黄连是一种草药,几千年来,它一直被广泛应用于许多传统方剂中,用于治疗糖尿病(DM)。黄连的主要活性成分小檗碱已被证明具有降血糖的潜力。为了确定小檗碱在糖尿病治疗方面的潜在优势,我们进行了这项系统评价和荟萃分析,以检查小檗碱治疗 2 型糖尿病患者的疗效和安全性。
我们检索了包括 PubMed、Embase、Web of Science、Cochrane 图书馆、中国知网(CNKI)、中国生物医学数据库(SinoMed)、万方数据库和中国维普信息在内的 8 个数据库,以获取有关小檗碱治疗 DM 的临床数据的随机对照试验(RCT)。我们还考虑了出版物质量,以提高证据的可信度。血糖代谢是主要研究因素,包括糖化血红蛋白(HbA1c)、空腹血浆葡萄糖(FPG)和餐后 2 小时血糖(2hPG)。空腹胰岛素(FINS)、稳态模型评估-胰岛素抵抗(HOMA-IR)和体重指数(BMI)用于评估胰岛素抵抗。血脂谱也进行了评估,包括甘油三酯(TG)、总胆固醇(TC)、低密度脂蛋白(LDL)和高密度脂蛋白(HDL),以及 C 反应蛋白(CRP)、白细胞介素-6(IL-6)和肿瘤坏死因子-(TNF-)等炎症因子。血清肌酐(Scr)、血尿素氮(BUN)和不良事件用于评估小檗碱的安全性。

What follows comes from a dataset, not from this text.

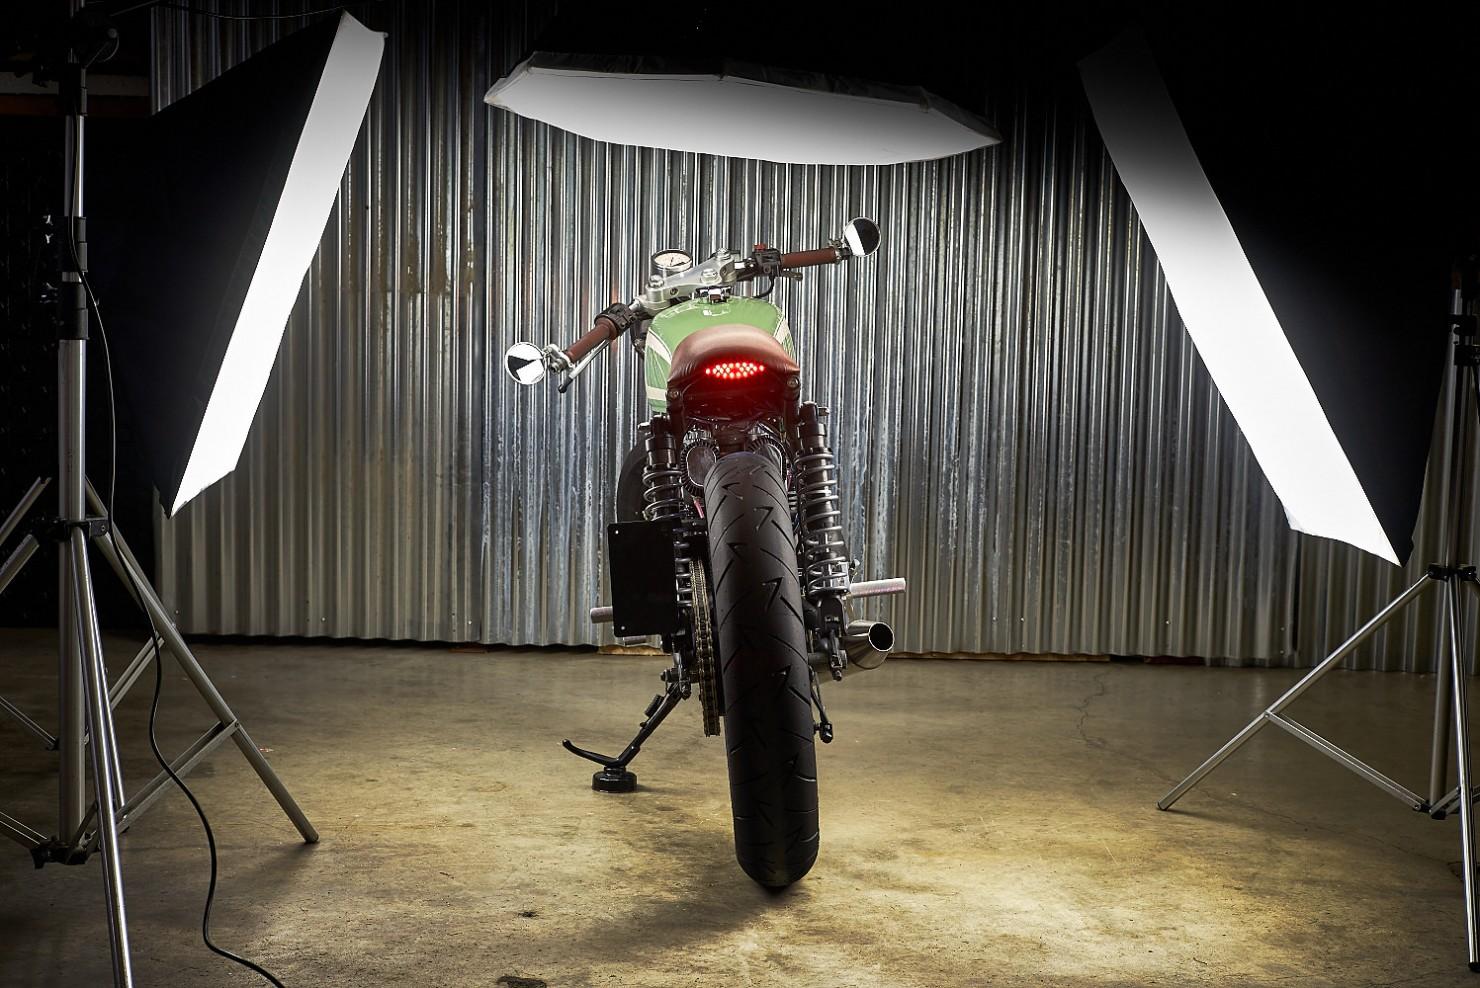 Honda-CB360-Motorcycle-9

评估了 46 项试验。分析小檗碱单独或与标准糖尿病治疗联合应用与对照组相比,HbA1c(MD=-0.73;95%CI[-0.97,-0.51])、FPG(MD=-0.86,95%CI[-1.10,-0.62])和 2hPG(MD=-1.26,95%CI[-1.64,-0.89])显著降低。通过降低 FINS(MD=-2.05,95%CI[-2.62,-1.48])、HOMA-IR(MD=-0.71,95%CI[-1.03,-0.39])和 BMI(MD=-1.07,95%CI[-1.76,-0.37])来改善胰岛素抵抗。血脂代谢也通过降低 TG(MD=-0.5,95%CI[-0.61,-0.39])、TC(MD=0.64,95%CI[-0.78,-0.49])和 LDL(MD=0.86,95%CI[-1.06,-0.65])和升高 HDL(MD=0.17,95%CI[0.09,0.25])得到改善。此外,小檗碱还改善了炎症因子。
有强有力的证据支持小檗碱在治疗糖尿病方面的临床疗效和安全性,尤其是作为辅助治疗。未来,这可能有助于指导小檗碱的靶向临床应用和开发旨在治疗 2 型糖尿病和血脂异常患者的药物。